While the city will be losing a $5 million-a-year contract, the Sheriff's Office will be boosting its contract from about $9 million to $13 million to $14 million, Grossman estimated.

"Ultimately, we're going to save a little bit of money, because we won't have to duplicate command staff," Grossman said. In addition, "the deputies are paid a little less than the outgoing officers."

The Sheriff's Office will have to stretch its manpower at first, said Sgt. J.D. Nelson, spokesman for Sheriff Gregory Ahern. The airport will be contracting for 16 positions, but will fill them with 10 new officers and supervisors, and others will fill in the remaining hours with overtime. As cadets from the agency's academy graduate, the additional positions will be filled.

"We look forward to the new challenge. Like any other contract we have, we're going to do it the best that we can," Nelson said.
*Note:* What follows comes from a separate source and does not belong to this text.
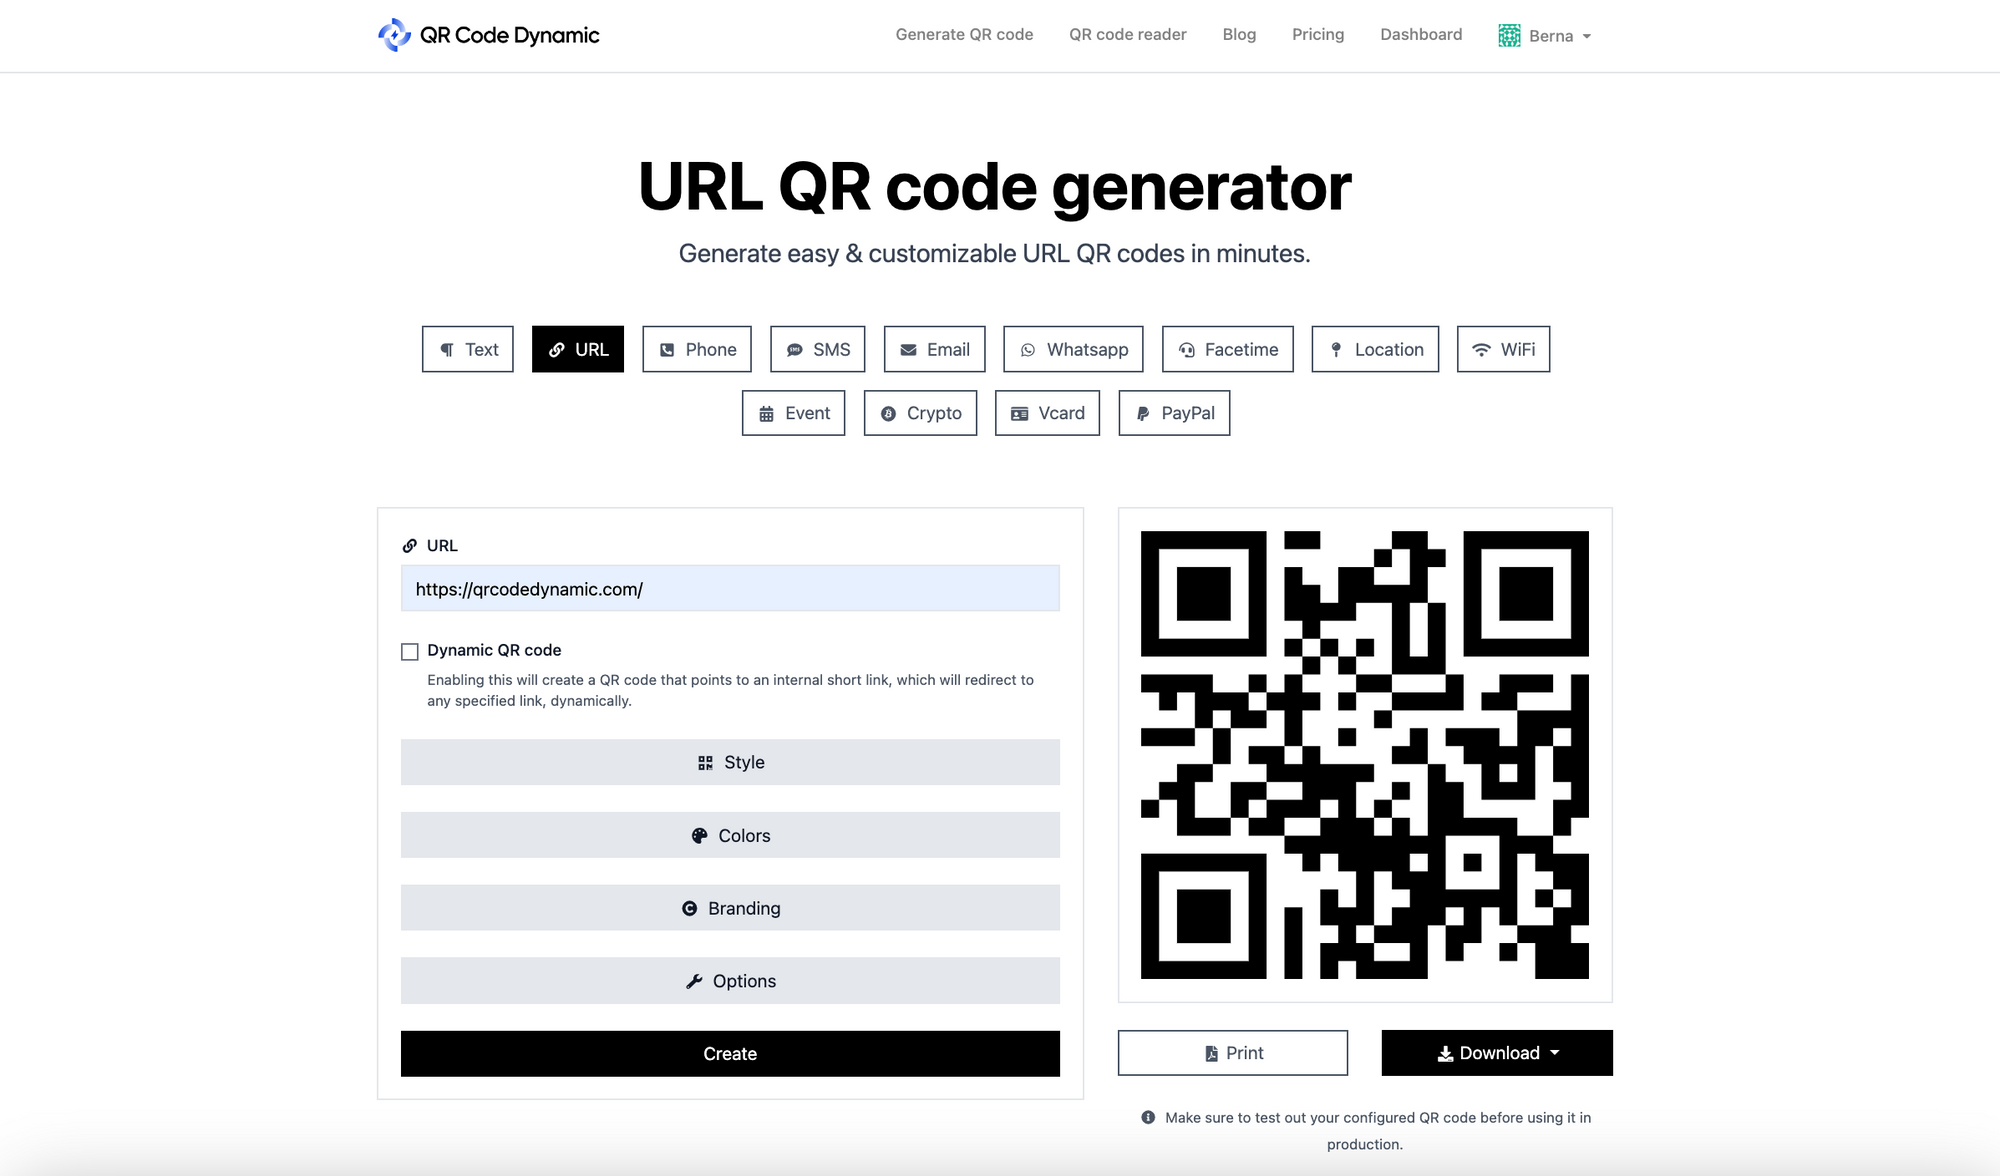 A screenshot of QRCodeDynamic's URL QR code generator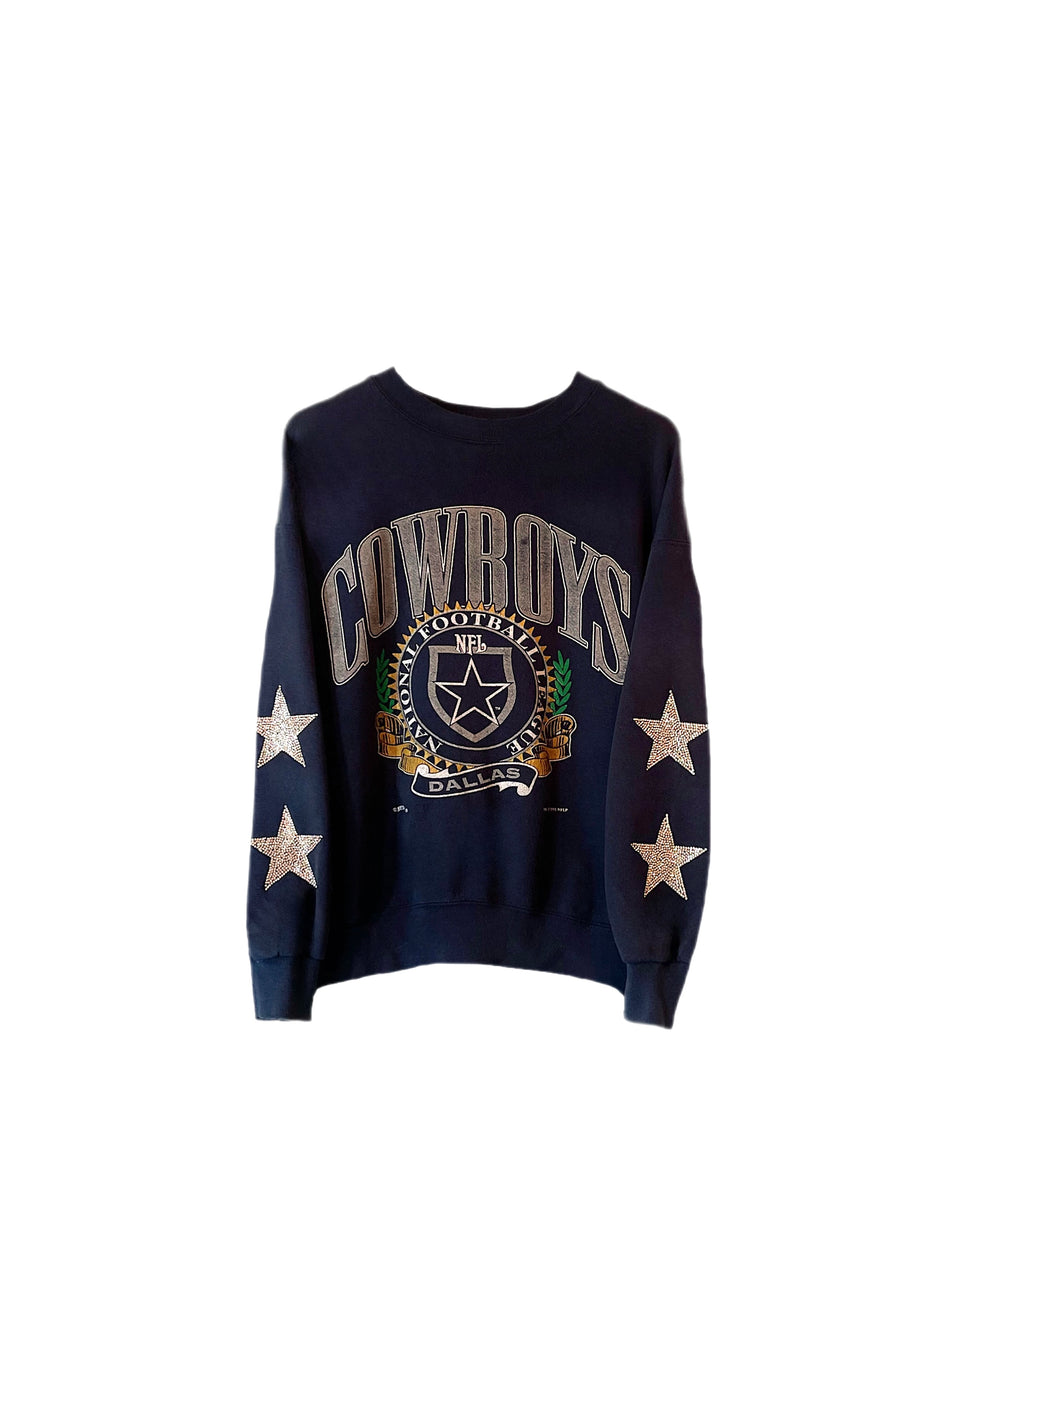 Dallas Cowboys, NFL One of a KIND Vintage Sweatshirt with Crystal Star Design.

"We're going to make sure that anyone who flies in or out of Oakland is safe,"

He said the agency will review security procedures "with a fresh eye," especially in light of this year's breaches.

"We may go in there and see that everything is perfect and needs no improvement or we may see some minor changes to adapt to our agency and our style," Nelson said.

Critics of the airport's handling of such incidents have faulted airport management for being slow to install technology to help law enforcement prevent breaches and track down intruders.

Oakland Police Lt. Ed Paulson, who supervised the Oakland police contingent at the terminal, said his officers didn't worry about such things and did the best possible job with the tools available.

"I think my officers did an excellent job," he said, "as most Oakland Police officers do."